1. Determine the moving average

• Determine the moving average with a window size of 2 for the list [30, 29, 35, 33, 31, 37, 39, 40, 41, 45].

• Using the list [100, 95, 90, 85, 80, 75, 70, 65, 60, 55], calculate the moving average with a window size of 6.

• Find the moving average for the list of integers [4, 8, 12, 16, 20, 24, 28, 32, 36, 40] with a window size of 3.

• Calculate the moving average using a window size of 4 for the list [5, 10, 15, 20, 25, 30, 35, 40, 45, 50].

• For the list [11, 22, 33, 44, 55, 66, 77, 88, 99, 110], find the moving average with a window size of 2.

• Determine the moving average with a window size of 3 for the list [9, 18, 27, 36, 45, 54, 63, 72, 81, 90].

Objective:

2. Perform an Augmented Dickey-Fuller (ADF) test on a dataset containing attrition data to determine whether the attrition rate is stationary.

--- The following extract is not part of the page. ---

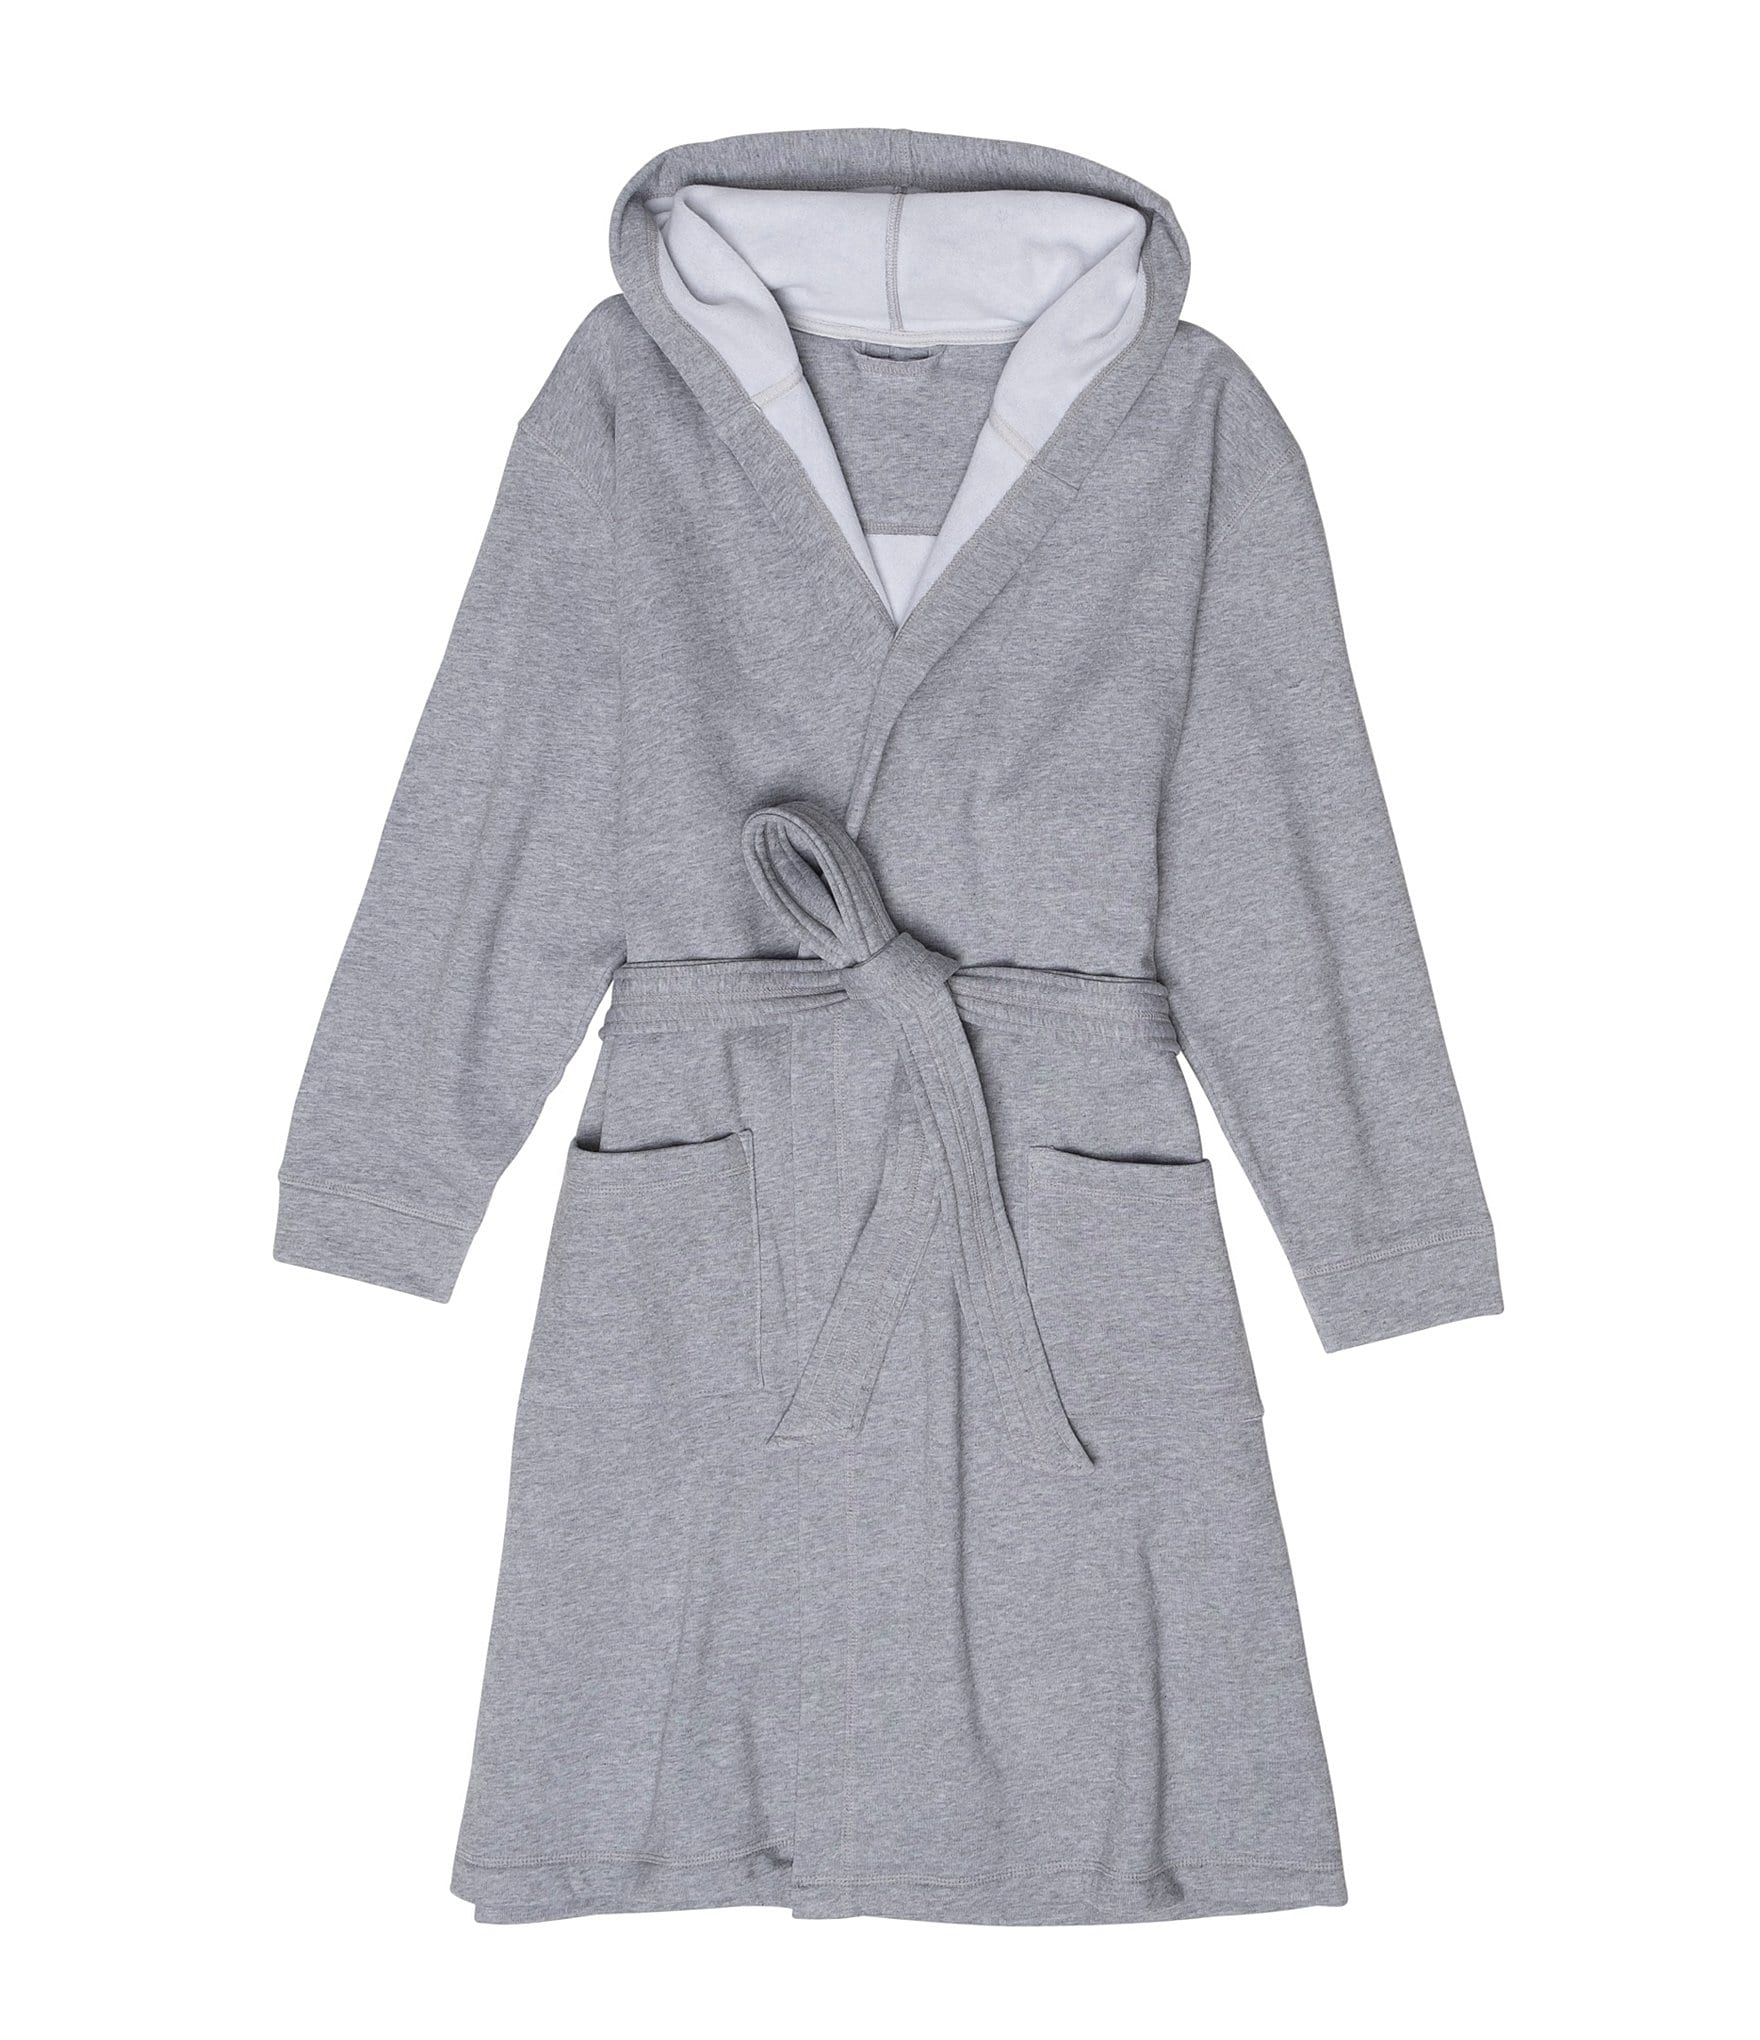 A shorter version of our classic robe, the Cozy Knit Short Robe is

• Dataset: You are provided with a dataset named attrition_data.csv that contains the following columns:

• Date: The date of the recorded attrition rate (format: YYYY-MM-DD).

• Attr_rate: The attrition rate for the corresponding date. Instructions:

• Load the Data:

• Import necessary libraries such as pandas, statsmodels, and matplotlib.

• Load the dataset into a pandas DataFrame.

• Ensure the Date column is parsed as datetime objects and set it as the index of the DataFrame.

• Visualize the Data:

• Plot the Attr_rate over time to visually inspect if the series appears to be stationary or non-stationary.

• Perform the ADF Test:

• Use the adfuller function from the statsmodels library to perform the ADF test on the Attr_rate series.

• Extract and print the following from the test results:

• ADF Statistic

• p-value

• Number of lags used

• Number of observations used

• Critical values for 1%, 5%, and 10% levels

Interpret the Results:

Based on the p-value and the critical values, determine whether to reject the null hypothesis of the ADF test. Discuss whether the attrition rate series is stationary or not.